Could it be that the manifestation of not just the desire but the “gift” of ministry increasingly demonstrated in our female membership is a fulfillment of God’s promise in Joel 2:28, 29 of intensified “last-day” gospel proclamation? I believe so. One reason is that this surge of desire and gifting did not occur in Paul’s day, or during the Dark Ages, or in the pioneer days of our church, or in the generations immediately following. In other words, it did not occur in those eras when women could not speak in church or own property or, as in more recent times, hold office or vote.

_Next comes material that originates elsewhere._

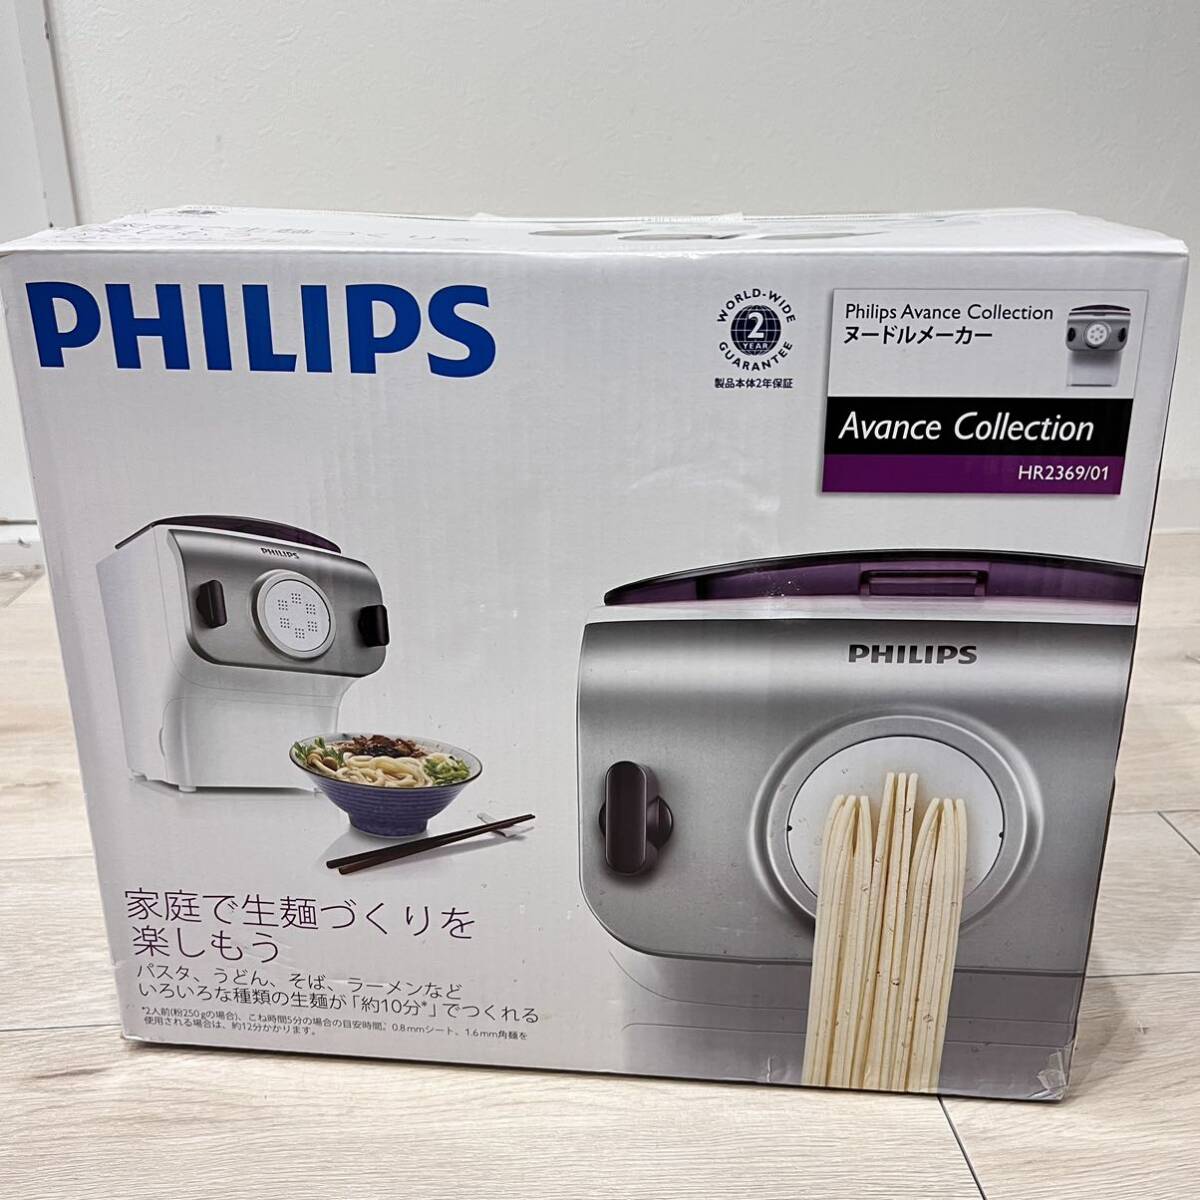 フィリップス 家庭用製麺機 ヌードルメーカー HR2369/01 PHILIPS 製麺機 _画像1

I believe so because just as evolving societal attitudes and degenerating societal conditions in the mid-nineteenth century combined to launch the Three Angels of Revelation 14:6-12, so have they produced in our day a world desperately in need of the non-discriminatory anointing articulated by Joel, authenticated by Paul (Galatians 3:28), and validated by John (Revelation 1:6).

Since 1863, when we men rightfully (given the times) assumed the reins of church direction, we have sincerely tried but failed to position God’s people for Pentecost. We have done so all the while being careful to restrict female participation in our authoritative counsels. Ordination alone can reverse this practice and allow the untapped talents of consecrated womanhood to bless our decisions at the most sensitive stages of planning.

Reflecting upon the fact that we, the seventh generation since our origins, remain frustrated with respect to Latter Rain status, and understanding that this ministry-boosting action does not alter any our 28 fundamental beliefs, I concur that the time has come for those Divisions that recognize women as recipients of the gift of ministry and whose societies are not hostile to their function should grant them full ministerial privileges. Their gifts are obvious, their sacrifices are equal, their services are urgently needed.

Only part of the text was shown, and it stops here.